All parents celebrate milestones.  However when you have a child born prematurely you have no clue what the future holds, especially with developmental delays.  So when our babies roll over, talk, crawl, or any other milestone for the first time, expect a celebration that you may find over the top.  But when you have no clue what effects on development your child’s prematurity will have, when they do hit these milestones, and on time (corrected age) not only are we excited and proud, but we have a sense of relief as well.
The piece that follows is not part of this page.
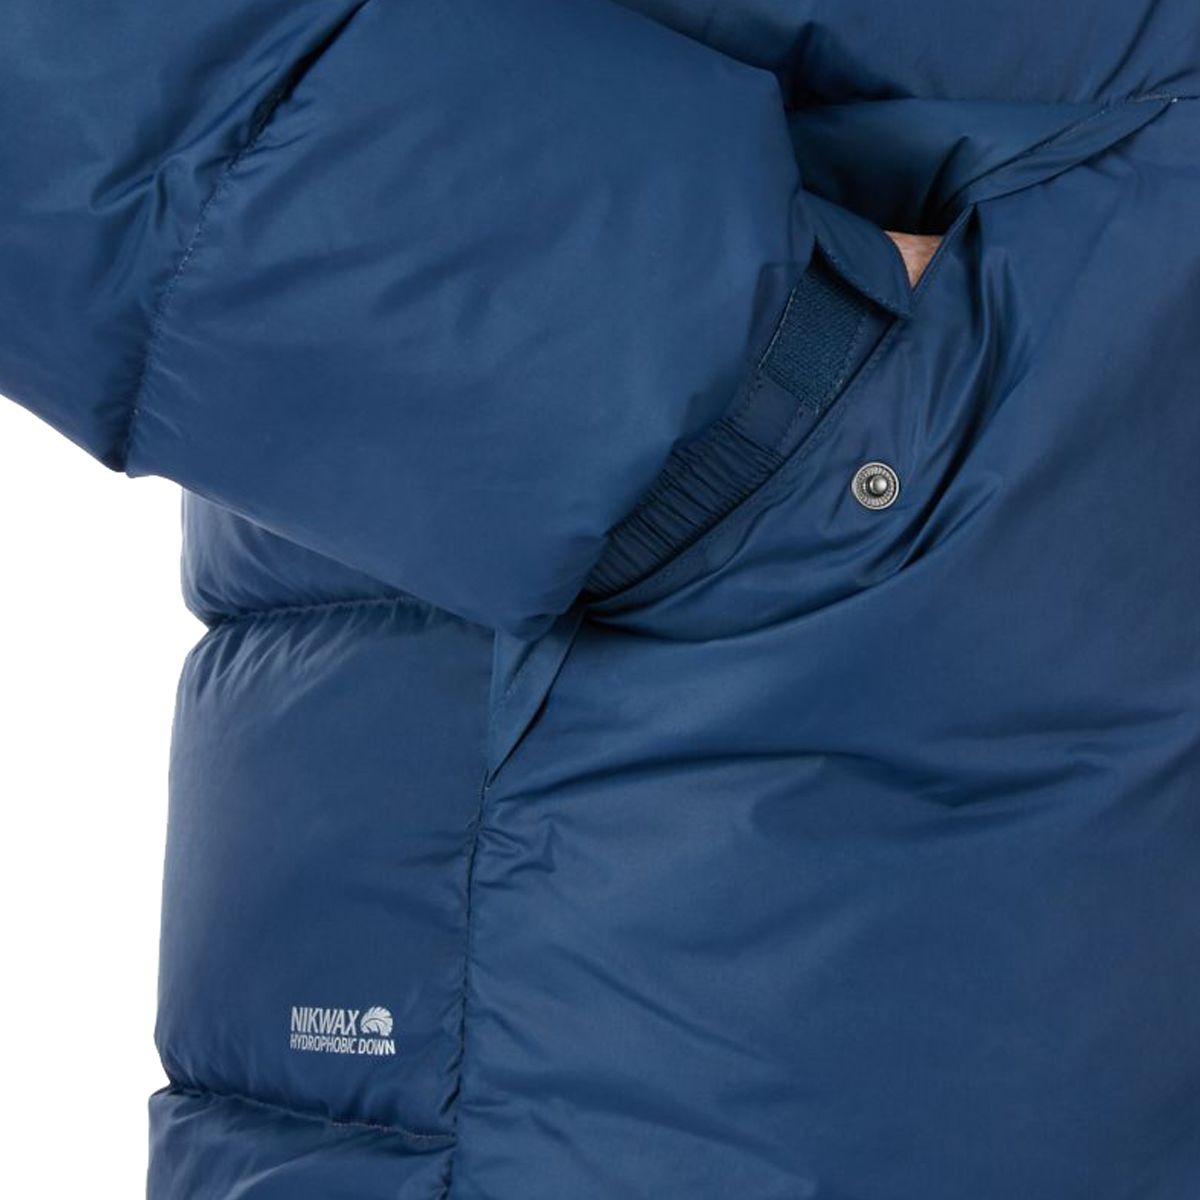 Rab Andes Down Jacket - Men's | Backcountry.com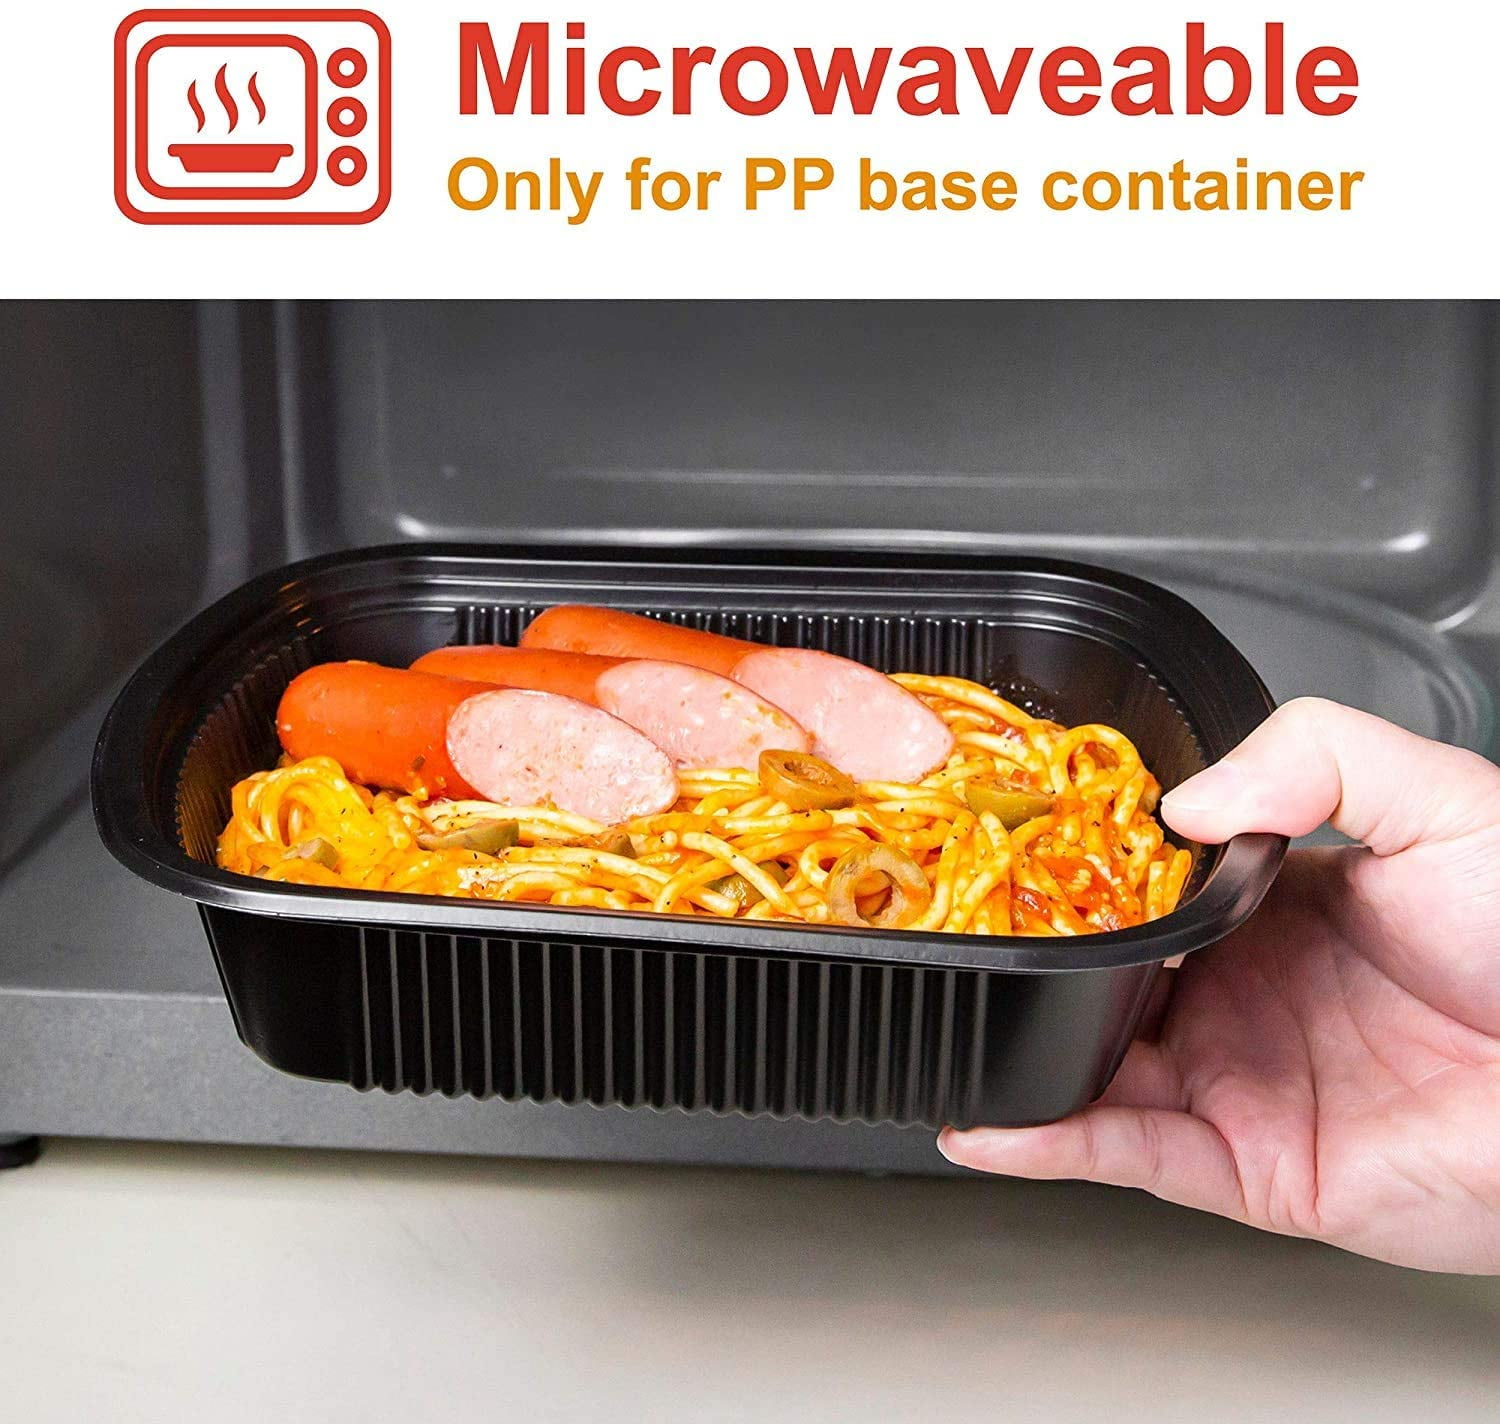 Prep & Savour Blinkhorn Disposable Plastic Food Container for 100

17.   We will keep hand sanitizer for visits and continue to avoid us you when you are sick, even once we go home.
Do not be surprised when you come visit at home when we have a bottle of hand sanitizer and remind you to use it every visit.  Do not be surprised when we avoid functions because someone who will be attending is sick.  Our baby is fragile and all of our specialists have guided us on staying healthy.  Hospitalisation is extremely common for prems once discharged, especially in winter when winter colds and viruses, including the Flu and RSV.  We may not avoid an illness or needing to be hospitalised, but we will certainly do everything in our power to avoid it.  Who wouldn't do the same?  Our child does NOT need to build his/her immune system by being exposed to people who are sick.  We are NOT being over protective.  We WILL take our medical team's advice every time over anyone’s “theory” on our child’s health.  Every.  Single.  Time.  

18.   We left the NICU, but the NICU did not leave us.
It’s not a chapter of our life we will just forget.  We may wish we could, but it’s there.  There will be random occasions that bring emotions back.  Perhaps the sound of monitors on a TV show.  Perhaps it’s seeing a pregnant woman who is very far along.  We have no clue what the triggers will be.   We would not wish the NICU experience on a single person, yet for the most part, we wouldn’t change much.  We came out stronger than we went in.  We came out more knowledgeable than when we went in.  We came out more appreciative than when we went in.  And for many of us, we were lucky enough to walk out with a true, living, breathing miracle in our arms.  Often that little miracle has taught us more about life in their short time on this earth than we have learned our entire lives.